CONCACAF representatives of member associations from Canada to Suriname convened in Cayman Islands for a seminar ran jointly between FIFA and the confederation aimed at improving football development skills.
Joined by a FIFA delegation including Secretary General Jerome Valcke and Director of Member Associations and Development Thierry Regenass, the presidents, secretary generals and technical directors of 24 CONCACAF members and CONCACAF officials participated in talks and workshops on a wide range of subjects; from developing women's football, to fighting match manipulation and how to combat discrimination.
FIFA President Joseph S. Blatter and CONCACAF President Jeffrey Webb were both on hand to open proceedings ahead of the various presentations.
The seminar provides insight into where help can be provided and for what regarding FIFA's various development projects, such as the Goal and PERFORMANCE programmes, and CONCACAF's own forms of support.

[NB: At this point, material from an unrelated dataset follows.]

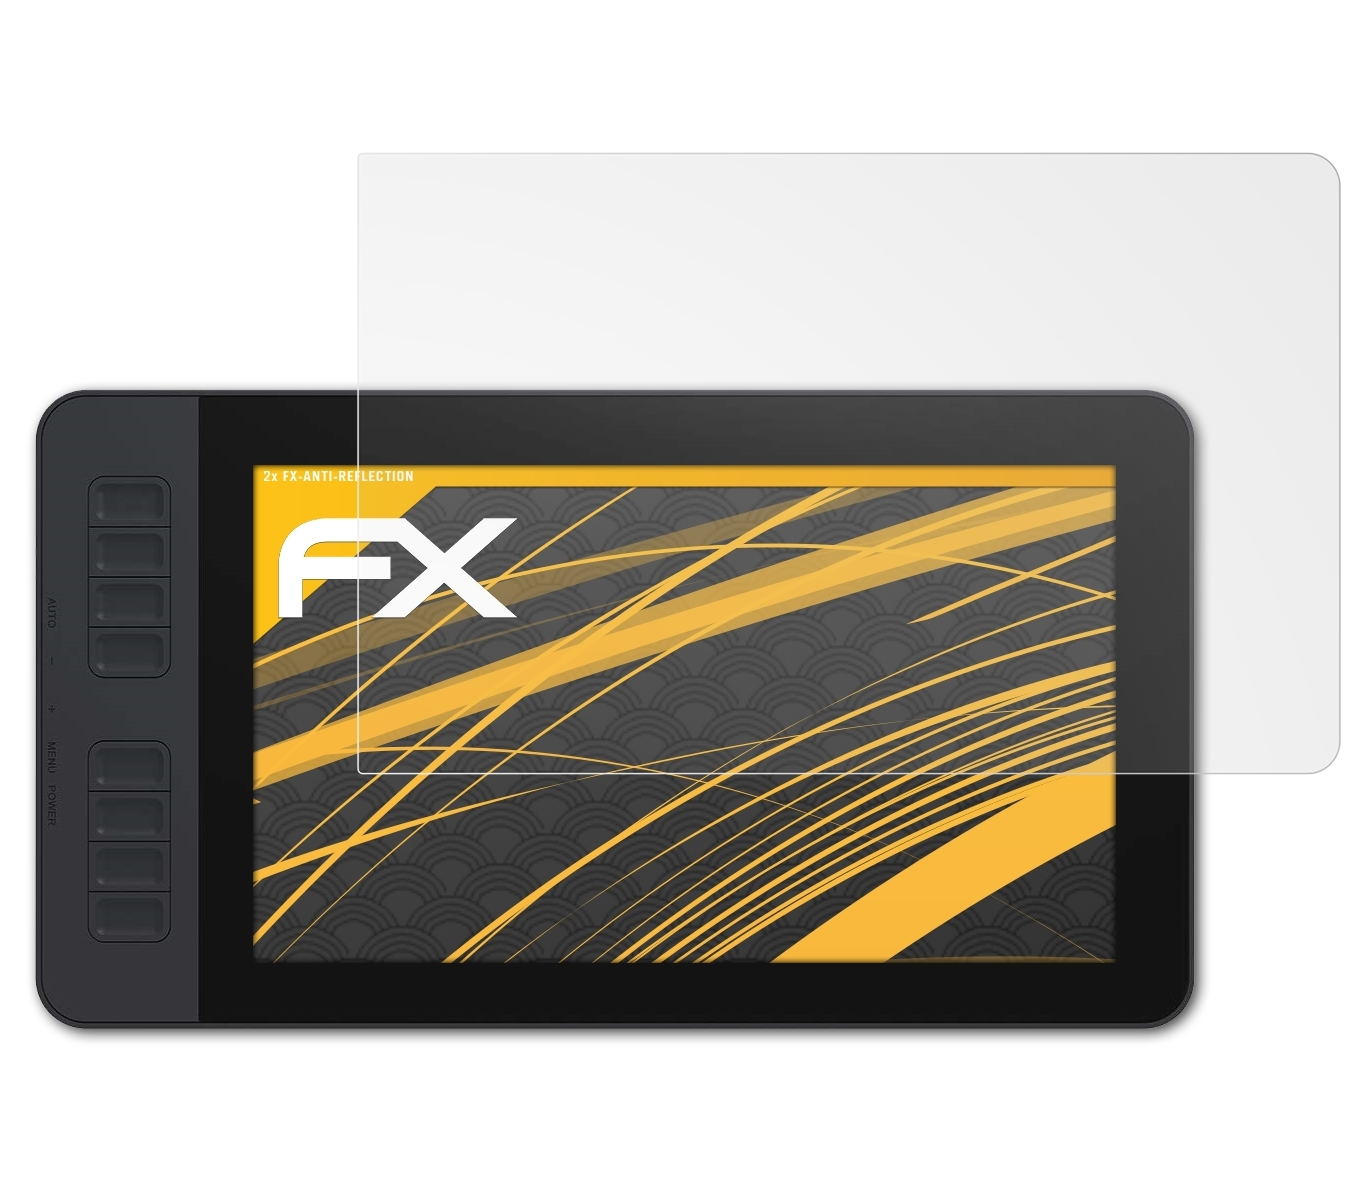 PD1161) FX-Antireflex 2x Displayschutz(für Gaomon ATFOLIX

Since 1998, FIFA have invested almost $285m across the confederation and 593 different development projects have been initiated since 2000.
Being kept abreast of the current state of development funding is crucial, according to St Kitts and Nevis General Secretary Stanley Jacobs. “Firstly this seminar acts a refresher, updating us on all the various programmes within the FIFA Development office,” he told FIFA.com. “Secondly it also brings new programmes to our attention that are coming on stream all the time, so the exchange of information is critical to us.”
It's important to know what kind of programmes FIFA are providing, so we can apply depending on what the federation is intending to do itself.
President of the Aruba Football Association Richard Dijkhoff, who was recently elected to the position, believes it provides an invaluable window into how he can develop the association and football further.
“It's important to know what kind of programmes FIFA are providing, so we can apply depending on what the federation is intending to do itself,” he said. “It is really useful for me to get an idea of what I can count on if I knock on FIFA's door.
“After being elected, FIFA undertook a PERFORMANCE programme on the island, focussing on five key areas of analysis. They recommended the federation get a full time technical director and prioritise youth development. During the seminar I saw several programmes we can apply to help meet these targets.”
The wide range of subjects covered during the four days means member associations as disparate as Canada and Haiti can leave with a greater awareness on issues relevant to them, while the very differences between some of those attending allows the chance to glean methods from colleagues abroad.
“Communication, strategy, developing women’s football, ethics, all these topics have been touched on,” Wilner Etienne, Technical Director of the Haiti FA, explained. “We then met with our President and the Secretary General to try and find solutions to manage all these challenges, to erase our weaknesses, and to identify which areas we should improve to have a competitive FA.
“The seminar is also good for sharing. These types of meetings, with the Presidents, the Secretary Generals and Technical Directors, give us a clearer overview of what everybody does in their country.”
Jacobs similarly feels these kind of exchanges between colleagues from differing FA's is beneficial, allowing them maximising of potential and resources available, such as utilising the work of the technical director. “Optimising the function of the technical director position is critical, especially for small member associations that may not have the resources to do it all, so it is very important to us in that regard.”
The number of member associations taking part in the PERFORMANCE programme now stands at 155 globally, with 24 within CONCACAF (66 per cent of the whole confederation), while there have been 630 Goal projects since 1999, with 103 of those based within North and Central America and the Caribbean.
The four-day seminar is part of a series of 11, which are set to run until early 2014, having begun in September in Auckland, New Zealand.